Tuesday, September 14, 2010

i want my chance.

so i'm in a really weird place after watching the Rizzoli & Isles season finale.
on one hand i kind of want a hug. on another i don't even want to look at another person right now.
i want to like throw up and punch something at the same time. [that is, the desires coincide, not that i wish for the actions to coincide. that would just be difficult.]
and yet some sick, sadistic part of me wants, more than ever, to be a part of television - to be a part of something so powerful.
it's not that i want to make people cry or whatever, it's that i want to be a part of something that gets people this in touch with their emotions. i want to play a role in something that brings people together in a way that nothing else does like a communal love of fictional characters. it sounds weird or silly, but it's the truth!

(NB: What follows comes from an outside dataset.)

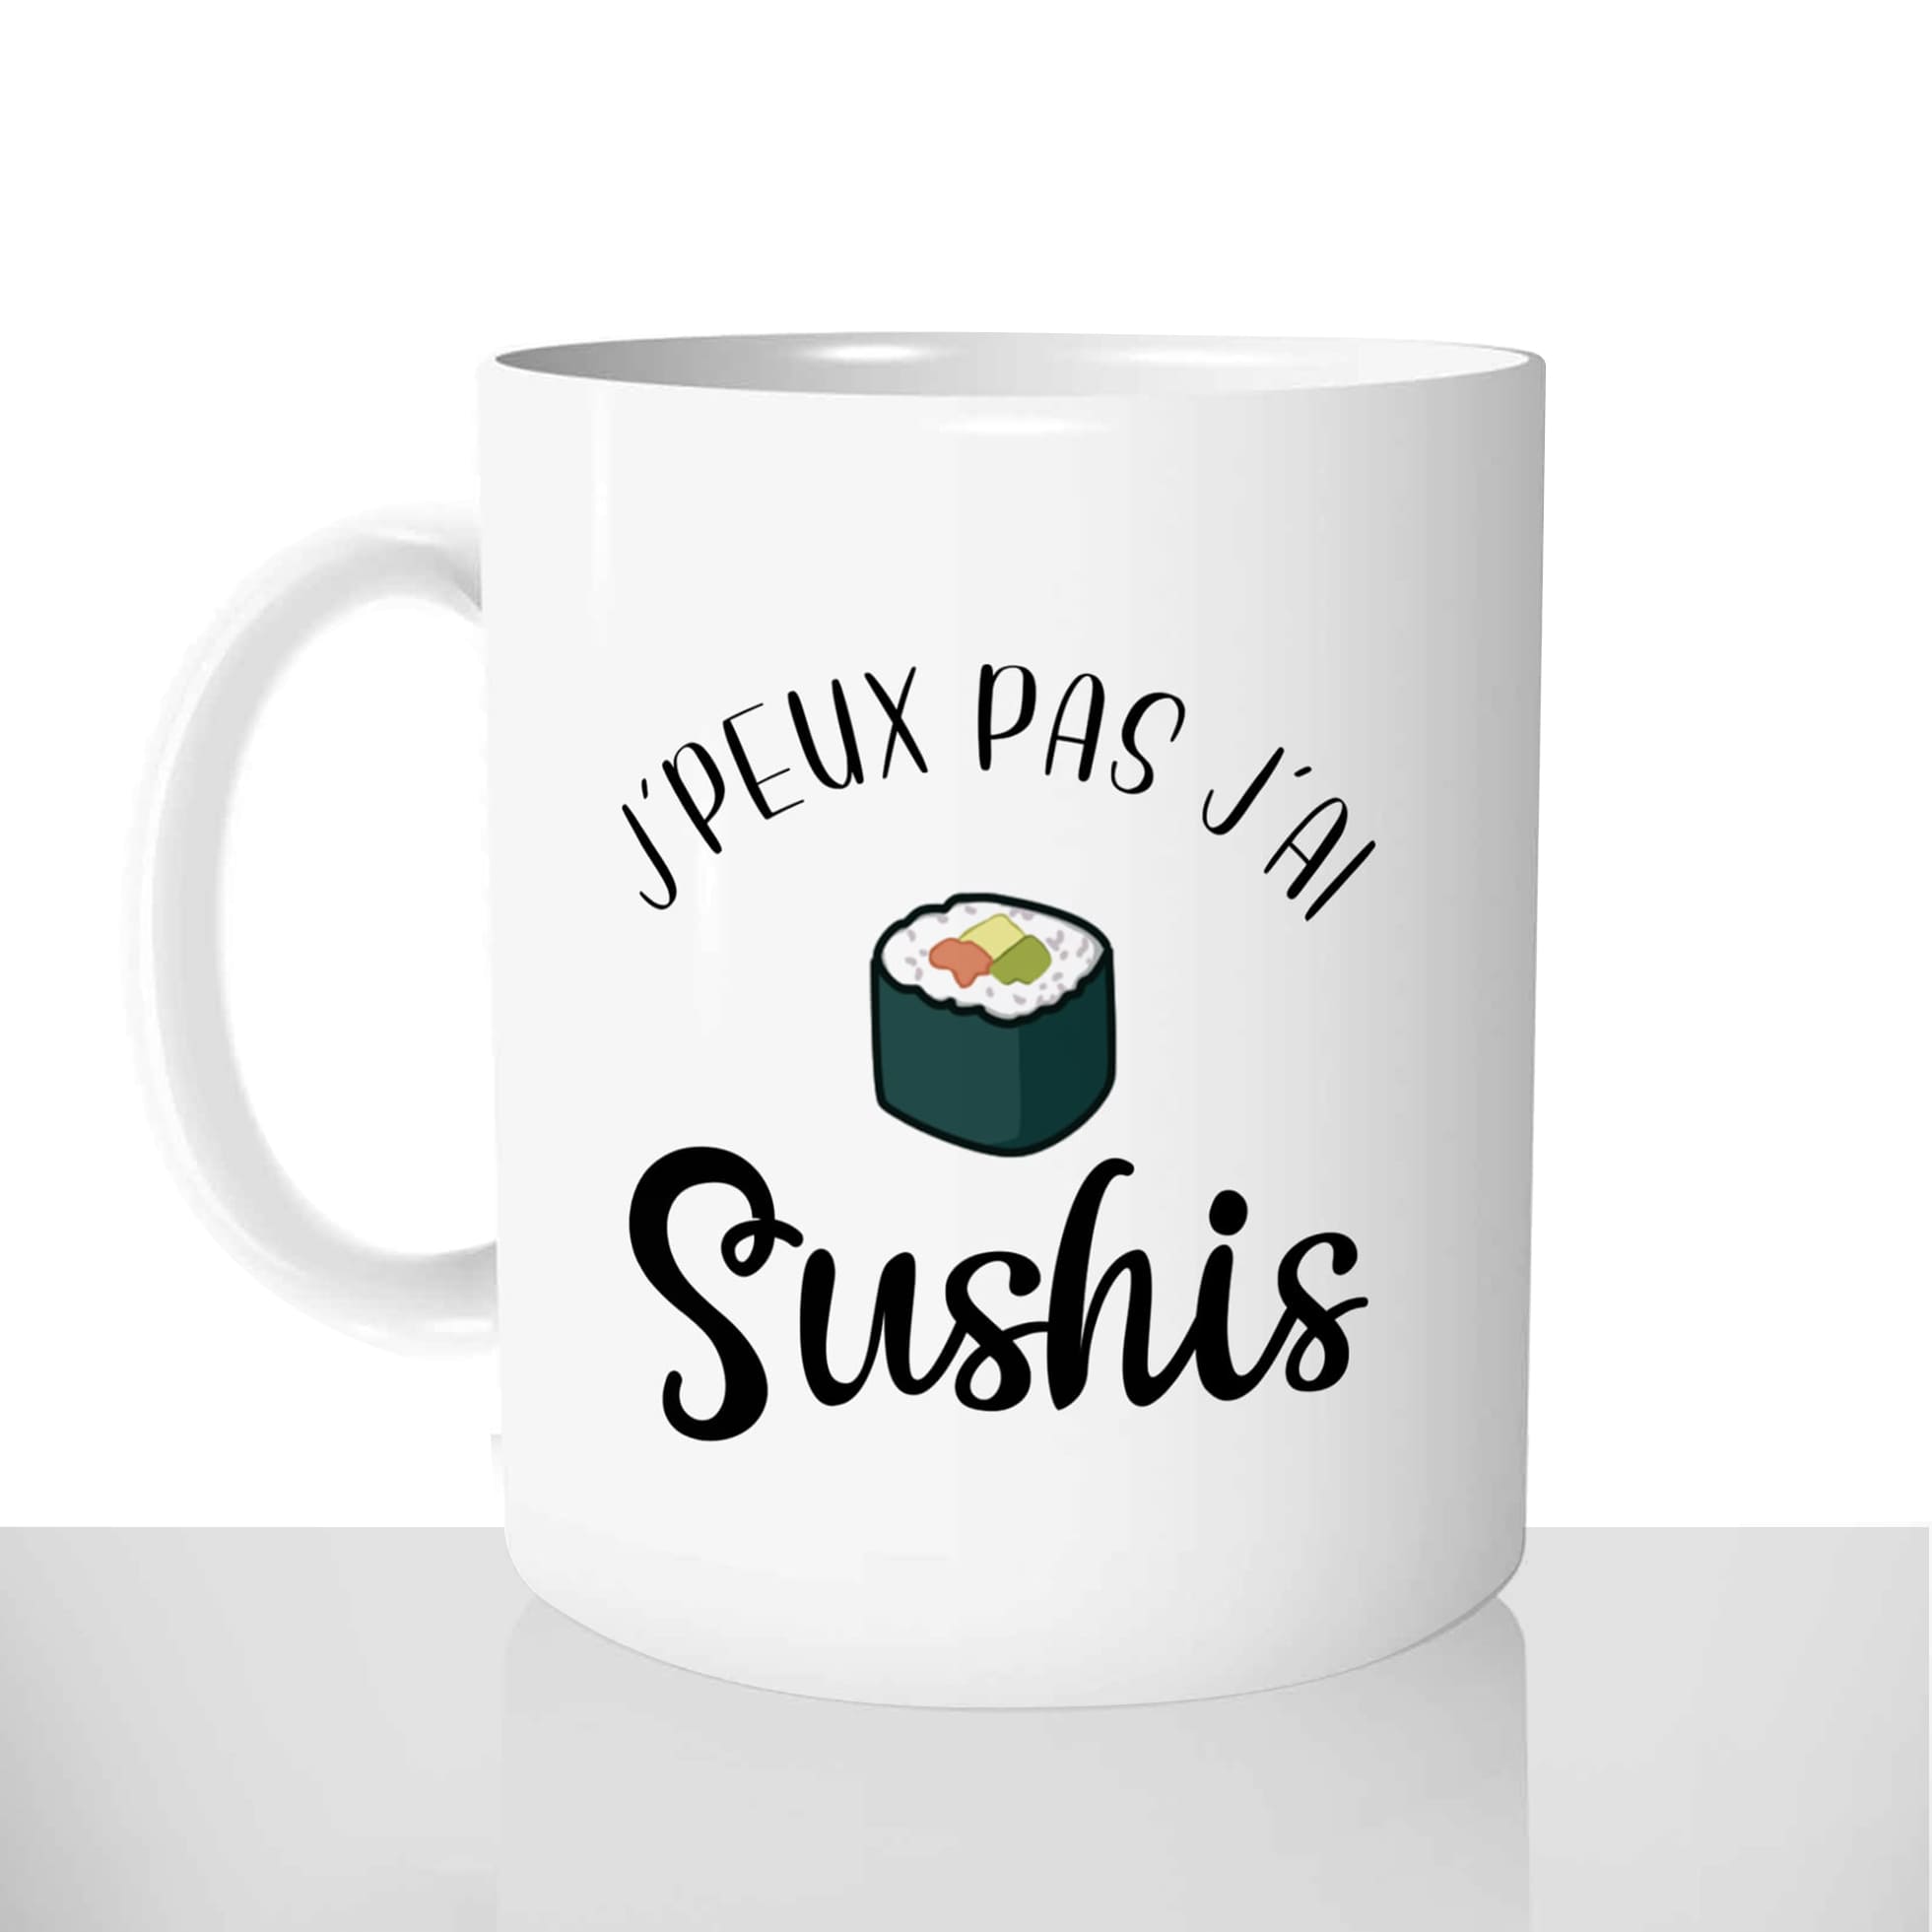 mug classique en céramique 11oz personnalisé personnalisation photo gourmand je peux pas jai sushis chou offrir cadeau

Monday, September 13, 2010

cleaning... or lack thereof...

i was sick yesterday. ran a little fever, whatever. i'm over it. but today i've been in a weird mood 'cause i'm in that "well enough to be bored but still too weak to actually do anything" state. and that's just not okay. so i've been like listening to good music and trying to be upbeat and whatever. so i look over and see how many kleenexes have missed my trashcan over the last few days and i'm like, "okay, i'll clean those up and get myself into a cleaning mood and make my room look pretty and then i'll feel better". so i clean up the kleenexes, then turn around, look at what a mess my room is, and am like "yeah... no".
so the moral of my story is: i need a house elf.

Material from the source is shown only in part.